FBS Colloquia No.412Laboratory of Nano-Biophysics

Repellent Responses of Vibrio Species and Intracellular Dynamics of the Signaling Protein CheY

Marine Vibrio species are bacteria that grow in seawater and exhibit two distinct lifestyles: (1) a free-living lifestyle in seawater and (2) a symbiotic lifestyle in which they attach to the surfaces of fish and other marine organisms. In addition, the genus Vibrio includes pathogenic species, such as Vibrio cholerae and Vibrio parahaemolyticus. Marine Vibrio species has a single polar flagellar motor, a rotary apparatus, at one cell pole.
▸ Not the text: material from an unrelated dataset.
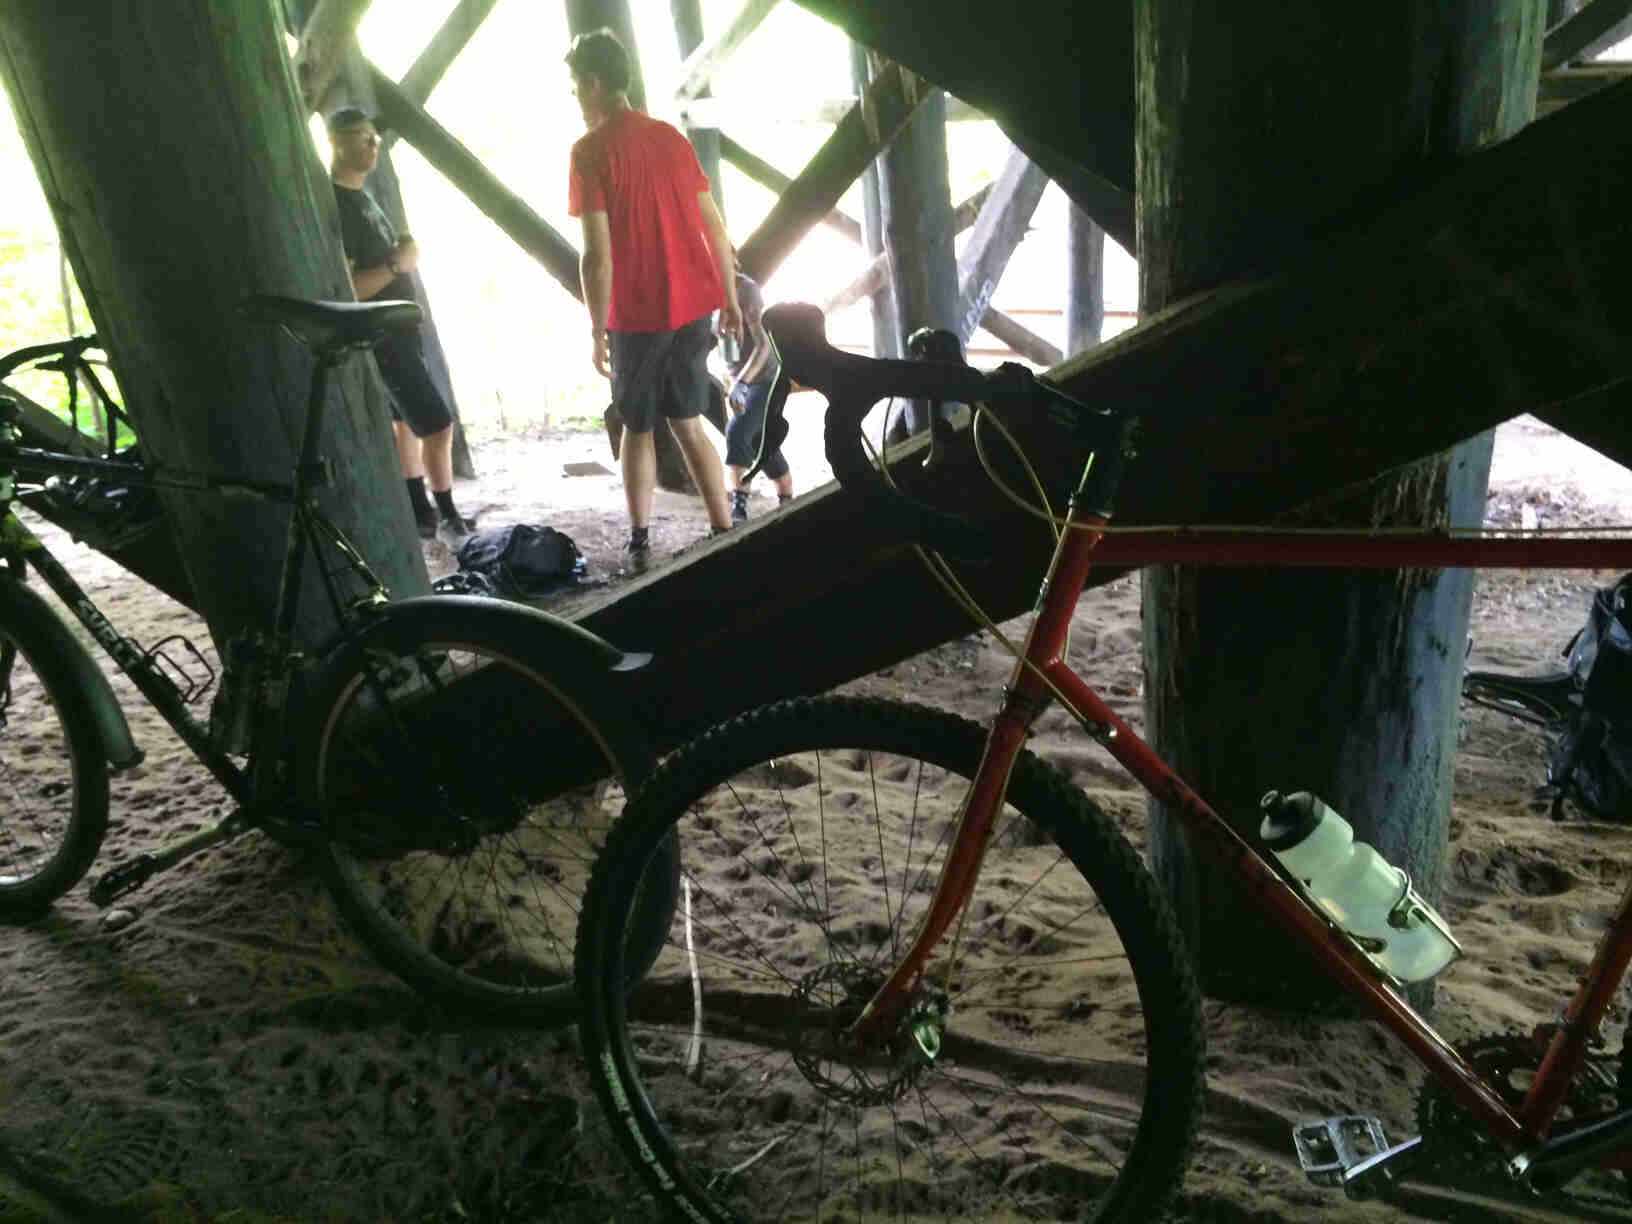 Left side view of 2 Surly bikes, leaning on a post single-filed under a pier, with 3 people standing near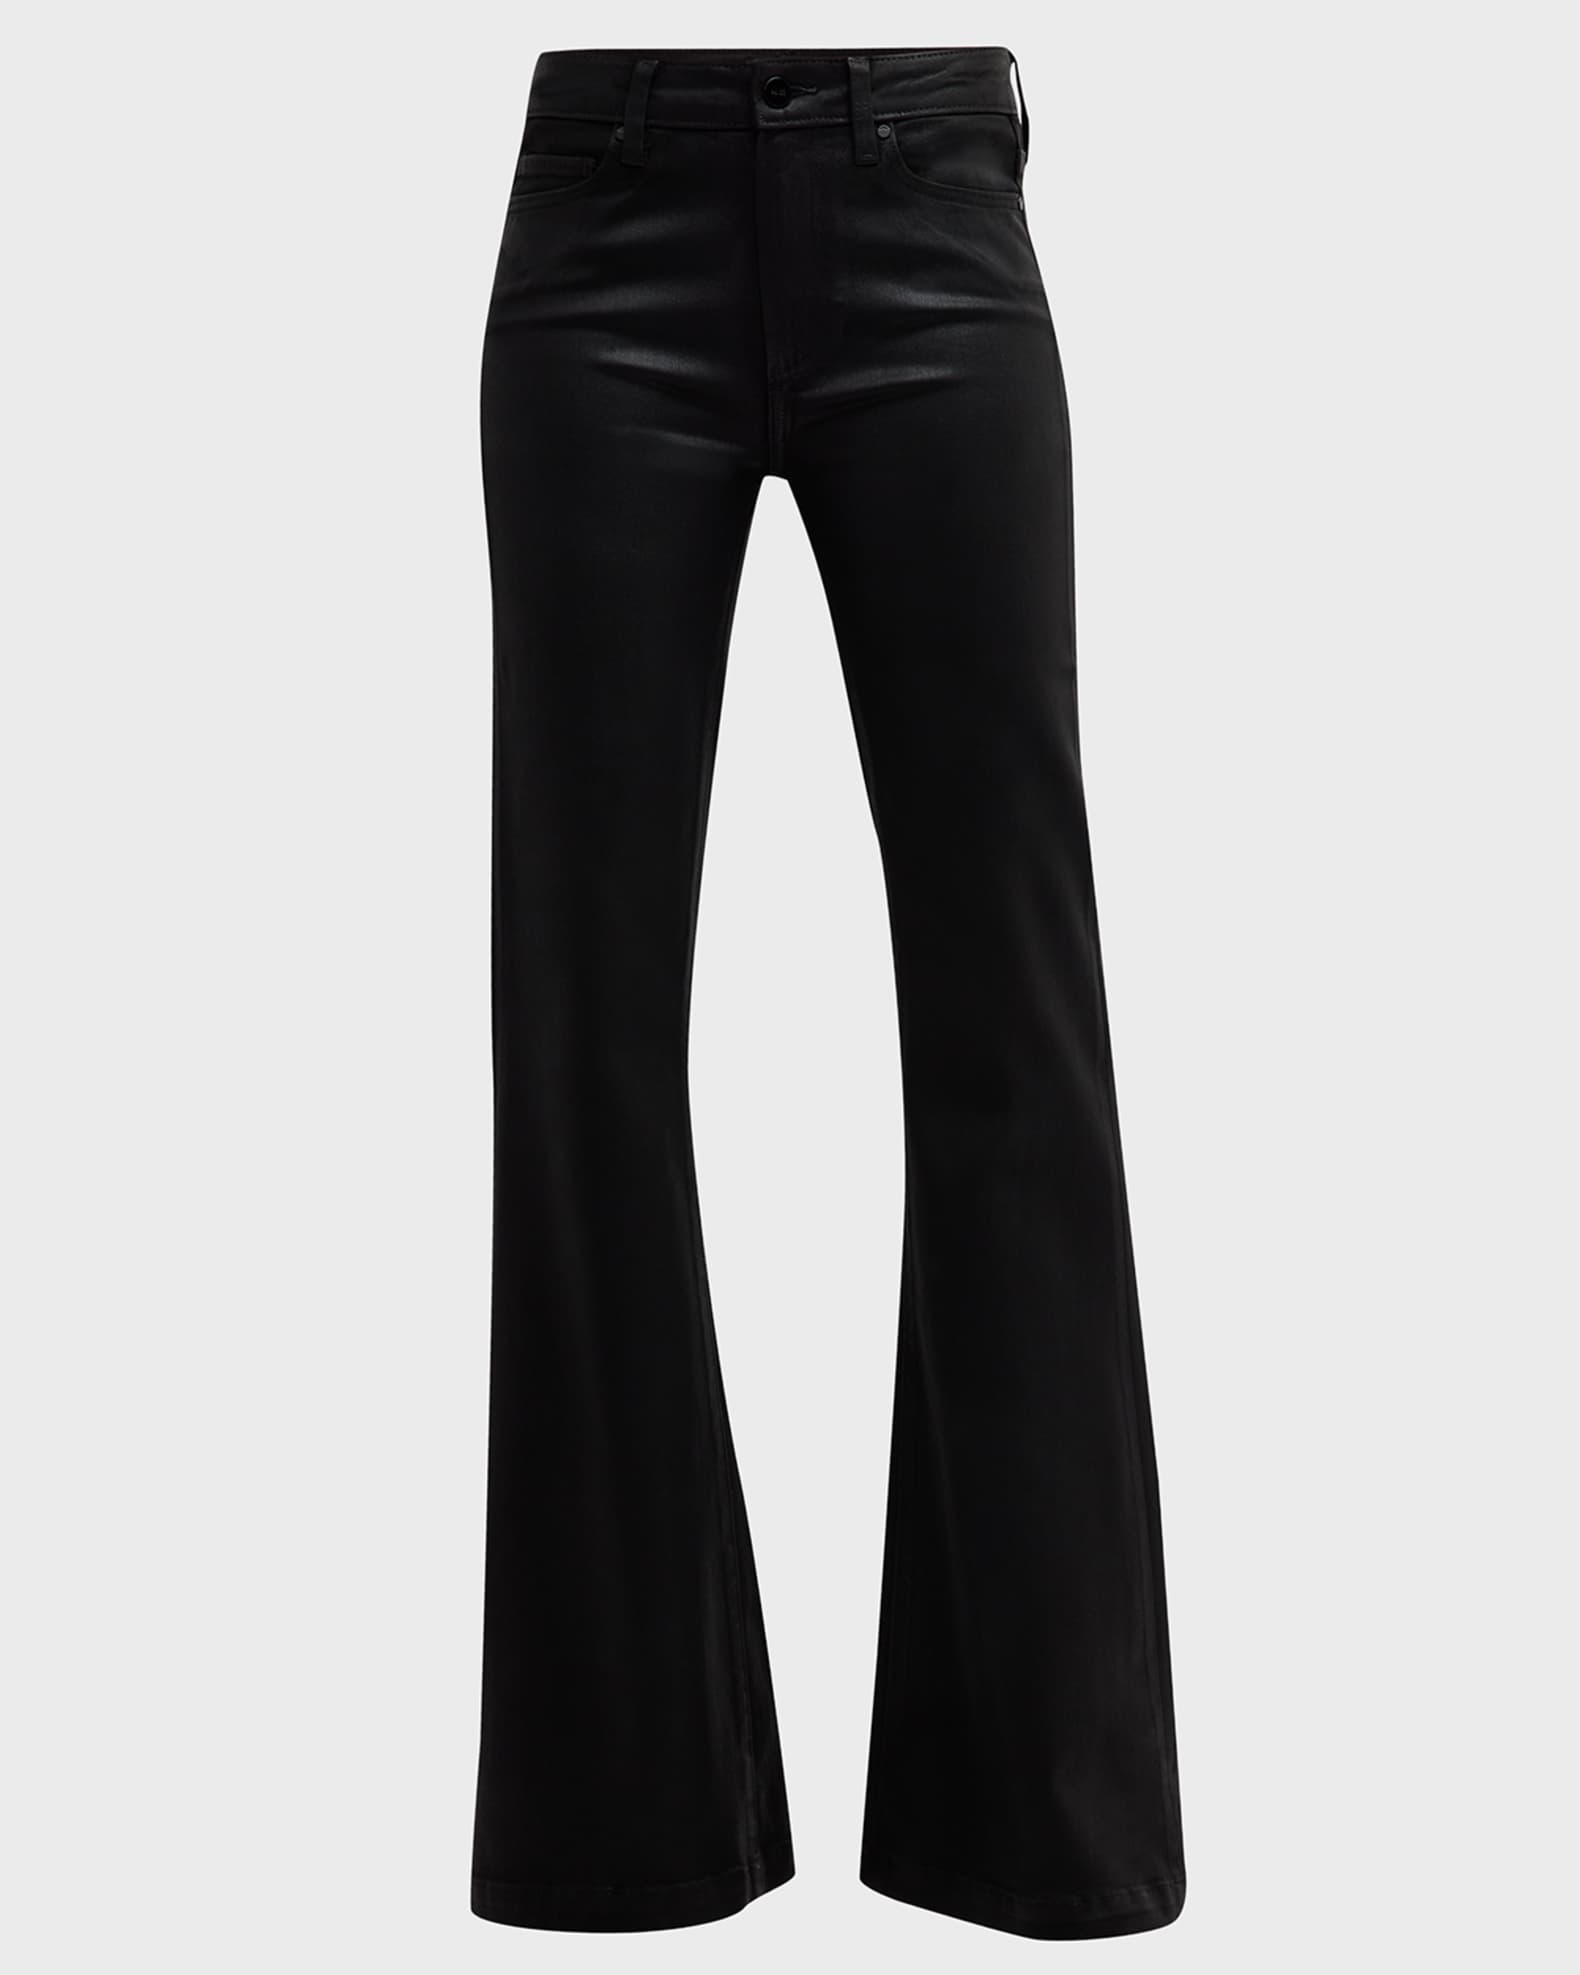 PAIGE Genevieve Flare Coated Jeans | Neiman Marcus

The flagellum rotates in both counterclockwise (CCW; forward swimming) and clockwise (CW; backward swimming) directions. By regulating the frequency of forward and backward swimming, Vibrio cells are able to move toward more favorable environments. As in the well-studied bacterium Escherichia coli, the direction of motor rotation in marine Vibrio is controlled by the direct binding and dissociation of the intracellular signaling molecule phosphorylated CheY. However, in marine Vibrio, a quantitative understanding of chemotactic protein dynamics in response to extracellular stimuli remains elusive. In this study, to quantify the intracellular dynamics of the signaling molecule CheY, we developed CheY-GFP fusion and analyzed its intracellular behavior using a high-throughput measurement system, which was recently developed in our laboratory. We simultaneously measured the dynamics of CheY-GFP in hundreds of Vibrio cells at the single-cell level under a homogeneous condition using this high-throughput system to repellent. In this colloquium, we would like to discuss these quantitative results.